Good morning, everyone. It's 10:00 A.M. Oslo time. Welcome to the annual general meeting of Agilyx ASA. My name is Geir Evenshaug. I'm a Partner with the law firm Schjødt and I've been asked by the board to open the meeting and make a record of represented shares and votes. We have approximately 43.7 million shares and votes represented at this meeting, which is equal to approximately 51% of the issued share capital. The exact numbers together with a summary of the votes cast in each matter will be appended to the minutes, which will be available later today. Item one on the agenda is election of the chairperson of the meeting and one person to co-sign the minutes.
The board has proposed that I chair the meeting, and I propose that Isabelle Haak, the General Counsel, co-signs the minutes together with me. We have no votes against that, so that is approved, and I will then continue as the chair of the meeting. Item two is the approval of the notice and the agenda for the meeting. There was against that, so that is approved as well. We can move on to item three on the agenda which is the approval of the annual accounts and annual report for the financial year of 2002. Again, we have no votes against, so the annual report and financial statements are approved. Item four is no voting matter. It's the board's report on corporate governance in accordance with the Norwegian guidelines for corporate governance.
This is included in the annual report. As I said, it is not a vote, a voting item so unless anyone has any questions to the corporate governance report, I will continue. There are no questions it seems, we can then move on to item five on the agenda, which is approval of the board's report on salary and other remuneration for the executive team. This is a statutory requirement under Norwegian law to present such a report. On item five, we have six million votes against, which represents approximately 13% of all voting shares at this meeting. Which again means we have a majority of approximately 87%, and the report has been approved. Item six on the agenda is determination of remuneration to the board of directors.

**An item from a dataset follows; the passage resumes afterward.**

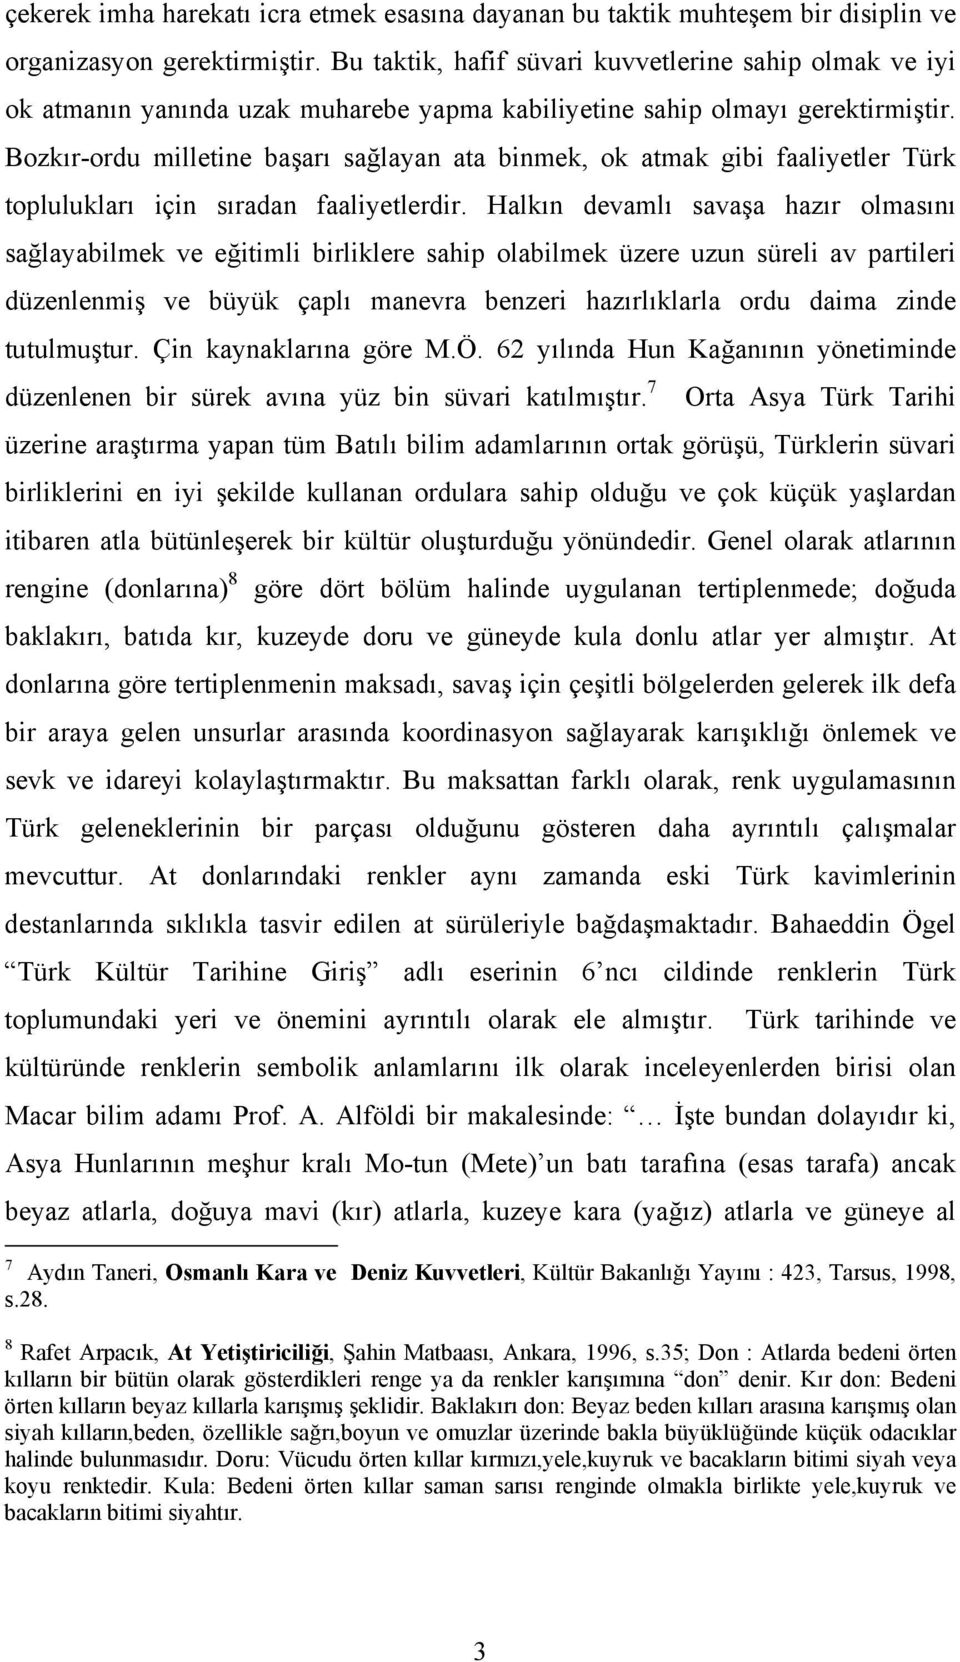 Bozkır-ordu milletine başarı sağlayan ata binmek, ok atmak gibi faaliyetler Türk toplulukları için sıradan faaliyetlerdir.
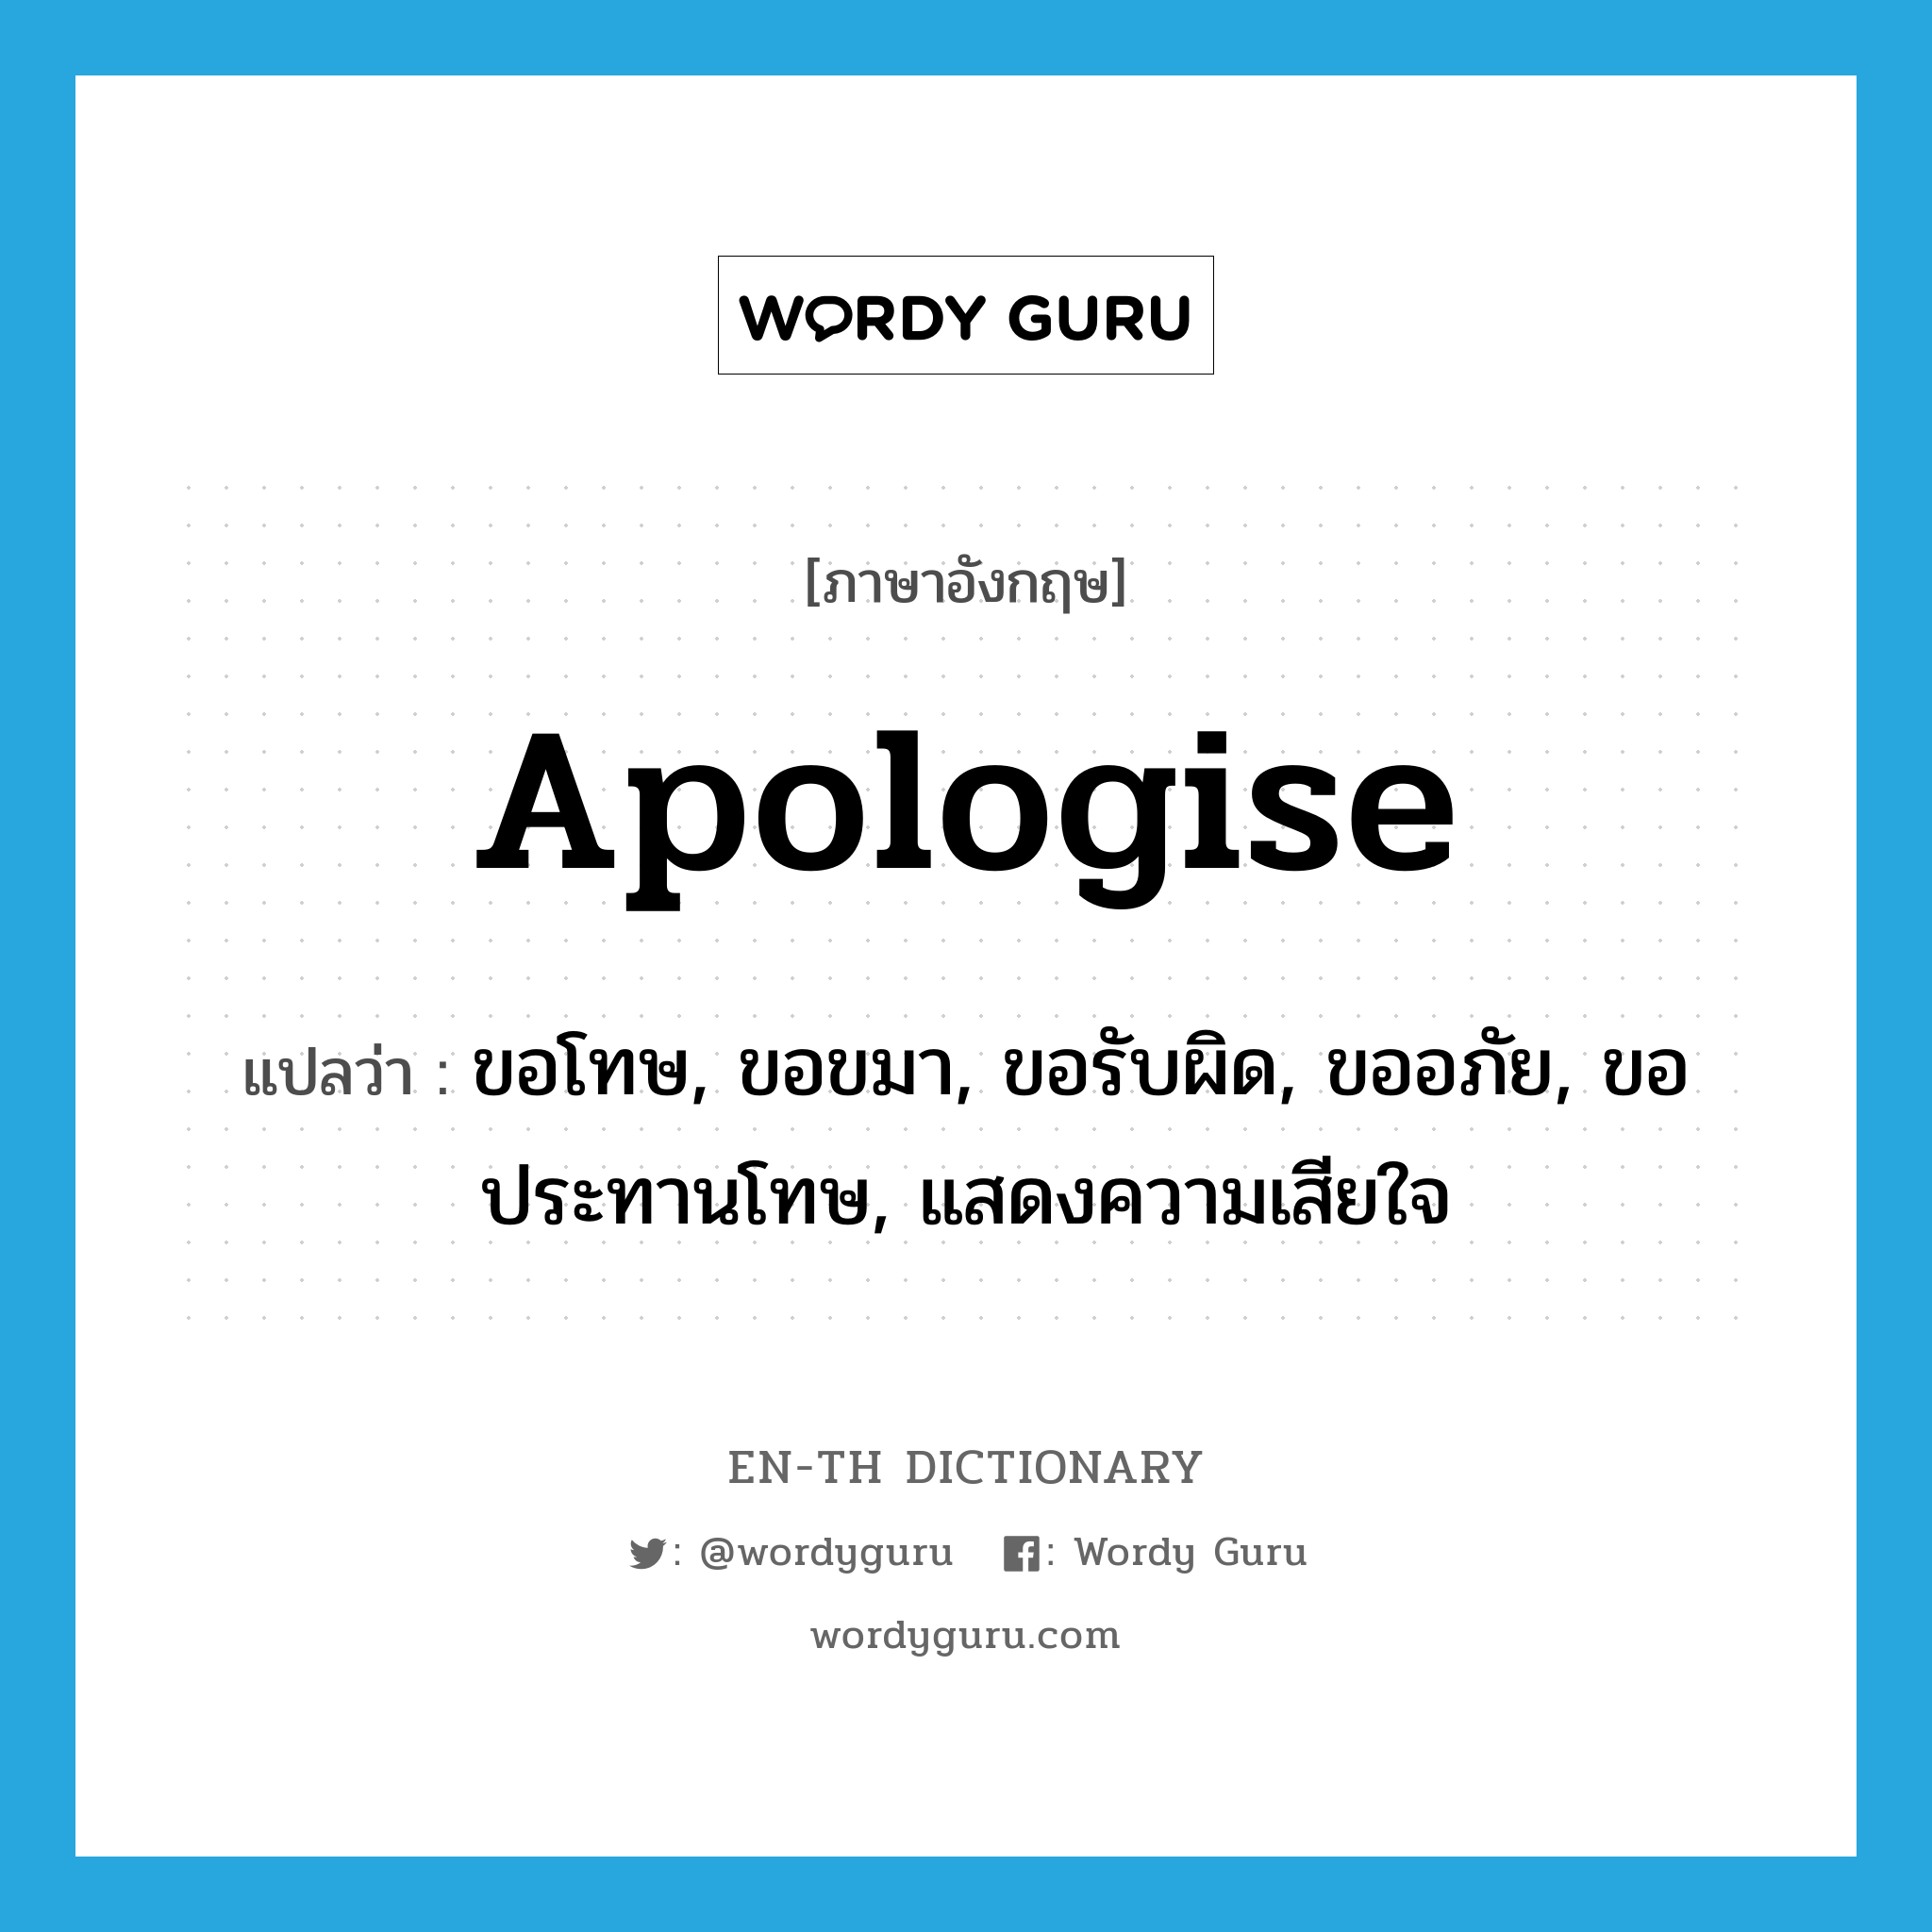 ขอโทษ, ขอขมา, ขอรับผิด, ขออภัย, ขอประทานโทษ, แสดงความเสียใจ ภาษาอังกฤษ?, คำศัพท์ภาษาอังกฤษ ขอโทษ, ขอขมา, ขอรับผิด, ขออภัย, ขอประทานโทษ, แสดงความเสียใจ แปลว่า apologise ประเภท VT หมวด VT

This proposal, which has been set out in the calling notice is then made by the company's nomination committee. On item six, we have no votes against, so the nomination committee's proposal for board remuneration has been approved. Item seven, on the agenda is determination of remuneration to the nomination committee. This is then proposed by the board as set out in the calling notice. On item seven, we have no votes against, so the board's proposal for remuneration to the nomination committee has been approved. Item eight, on the agenda is another remuneration item t his time it's the remuneration to the auditor. Also on item eight, we have no votes against, so the proposed resolution has been approved.
That brings me to item nine on the agenda, which is the board authorization to acquire own shares and this is basically just a renewal of an existing board authorization. On item nine, we have one point one million votes against, which is approximately 2.5%. We have a majority of approximately 97.5%, and the board authorization to acquire own shares has been approved. Item 10 is the board authorization to increase the share capital for general purposes. Again, this is a renewal of an existing board authorization. On item 10, we have four point two million votes against. That equals approximately 9.7% of all votes represented at this meeting, which means we have a majority of 92.3% approximately, and the board authorization in item 10 has been approved.
Item 11, is another board authorization to increase shares to increase the share capital. This time it is in connection with options and incentive programs. Again, it's a renewal of an existing board authorization. On item 11, we have four point two million votes against. Again, it's approximately 9.7%, which means we have a majority of approximately 92.3%. 91.3% to be exact o r 90.3%. Anyway, the proposed board authorization in item 11 has been approved. Item 12, which is the final item on the agenda is changes to the articles of association. These changes have been proposed due to some technical changes in Norwegian law, which comes into force in June.
On this item, we have 50 votes against, which basically means we have 99.9% majority. The changes to the articles of association have been approved. That basically concludes all of the matters on the agenda. As I mentioned, the minutes with the more detailed summary of the votes cast will be available later today as usual. Unless there are any questions from anyone participating on this call, I will thank everyone for their participation. Thank you and goodbye.